Three Key Films: The Steel Helmet (1951), Pickup on South Street (1953), The Big Red One (1980)


Underrated: Park Row (1952). Frank Capra called It’s a Wonderful Life his best film for decades before anyone would listen. Sam Fuller felt the same way about his newspaper epic Park Row, which has finally become available on DVD this year. Inspired by his years working in the cutthroat New York newspaper business—a copyboy at 12, crime reporter at 17—Fuller’s fondness for the industry is apparent. The plot and themes are basically the same as Mr. Smith Goes to Washington (1939). Loveable underdogs take on corrupt institution, only here it’s a startup newspaper taking on a corrupt institution personified in Charity Hackett (Mary Welch), a classic Fuller brunette and coldhearted, greedy publisher whom the loveable underdog is more than happy to sleep with. Long-admired for his explosive camera movement, Park Row features one of Fuller’s most exciting fight scenes and plenty of sardonic wit, with just the right amount of heart planted firmly on its sleeve.


Unforgettable: From The Steel Helmet. The titles scroll, the camera resting on the dome of a helmet, smooth except for a single bullet hole piercing the right side. A grave, familiar image of wartime sacrifice. Only this isn’t WWII. This is Korea. And as the titles fade, the seemingly abandoned helmet suddenly rises to reveal the squinting, shifty eyes of an American soldier, hiding from the enemy. Stephen Frears would open The Queen (2006) similarly, humanizing our iconography by bringing what seemed to be a royal portrait to life.


caption

The Big Red One (1980)


The Legend: Martin Scorsese said, “If you don’t like the films of Sam Fuller, then you just don’t like cinema.” Samuel Fuller was told to cast John Wayne in the role of platoon leader in his epic and autobiographical war film, The Big Red One, he said he’d rather not make the movie at all. One need watch only a couple of Fuller’s pictures to understand why his response is no surprise. Though his scope was broad—he made war films, melodramas, westerns, crime noir, and odd things in between—Fuller’s trademark punchy dialog, exuberant violence and inventive camera work unifies the disparate settings and characters. Whether we’re shaking down a Japanese pachinko parlor in House of Bamboo (1955), or confined within a submarine in Hell and High Water (1954), the integrity of his vision is clear. We’re clearly operating in the same mental space.
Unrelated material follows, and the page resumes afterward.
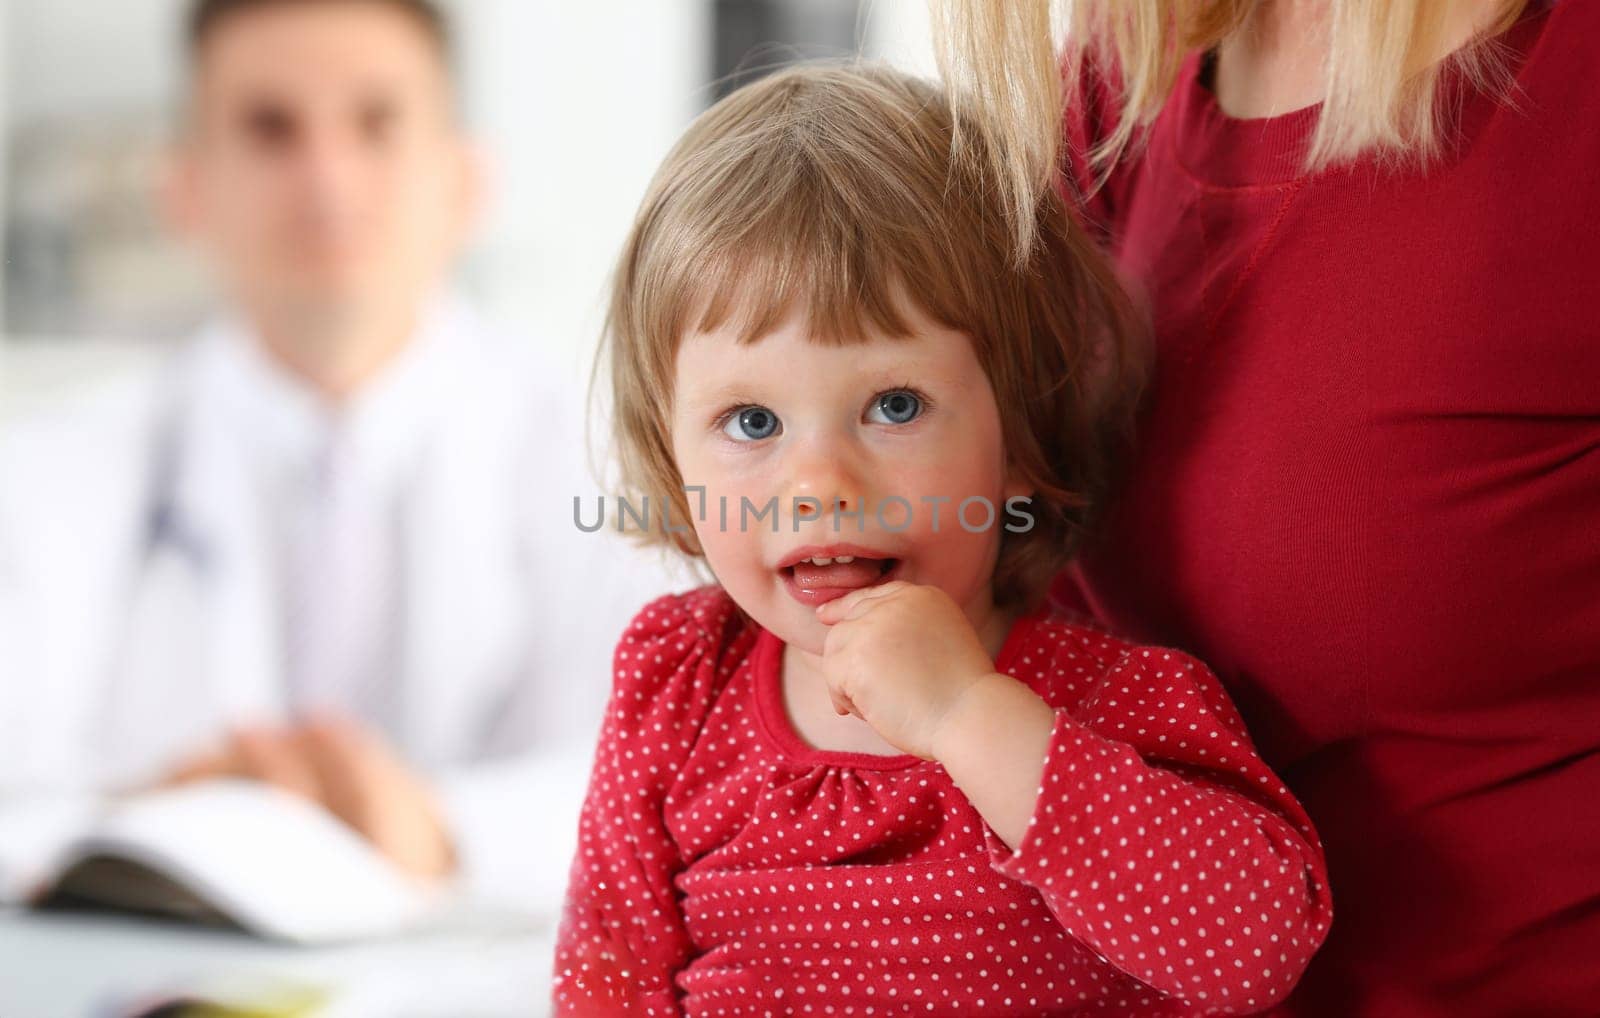 Little child with mother at pediatrician reception. Physical exam, cute infant portrait, baby aid, healthy lifestyle, ward round, child sickness, clinic test, high quality and trust concept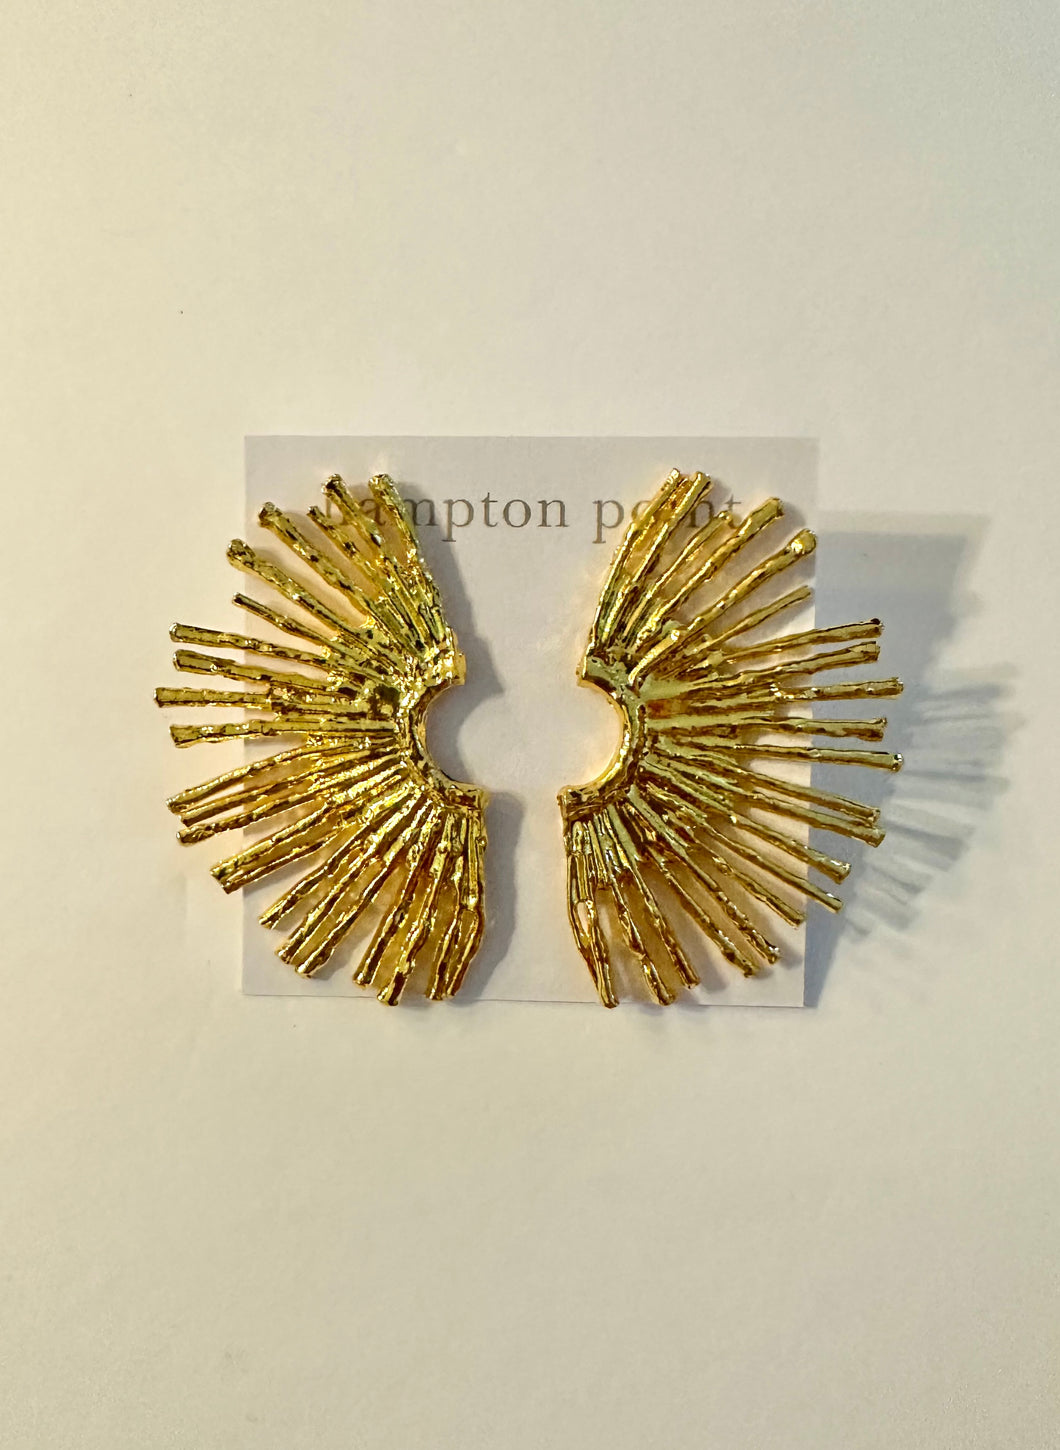 Gold burst earrings. Light weight. About 2 inches.

No, what is surprising about the story of making The Big Red One is that anyone would ask him to cast John Wayne to begin with. Trying to imagine The Duke in any of Fuller’s war films is like picturing Darth Vader in 2001. That’s not a knock on Wayne (or Vader), but they’re fictional characters, operating on the level of myth. Somehow, the surrealistic world of Sam Fuller manages to feel emphatically real.


His films didn’t always feel real though. Critics at the time complained that his tawdry subjects stretched credulity and disliked his left-of-center aesthetics. Similarly, viewers accustomed to a different kind of war film found many aspects of Fuller’s breakthrough The Steel Helmet quite unreal. An integrated platoon? An American shooting a POW?  An intelligent commie?  Many were outraged. They said the film was funded by Reds, and accused the real-life war hero of being anti-American. (Fuller’s WWII platoon landed in Africa, Sicily, and Normandy, earning him Bronze and Silver Stars.) Unfortunately, this sort of controversy plagued Fuller’s career. Several decades later, his film White Dog would be shelved by Paramount, who feared a threatened boycott by the NAACP. Never mind that the film was actually a sobering contemplation on the roots and results of racism, made by a director whose progressive record on race was abundantly evident in both his themes and his integrationist casting choices. Paramount would not release it. Angry, Fuller moved to France and did not make another American film.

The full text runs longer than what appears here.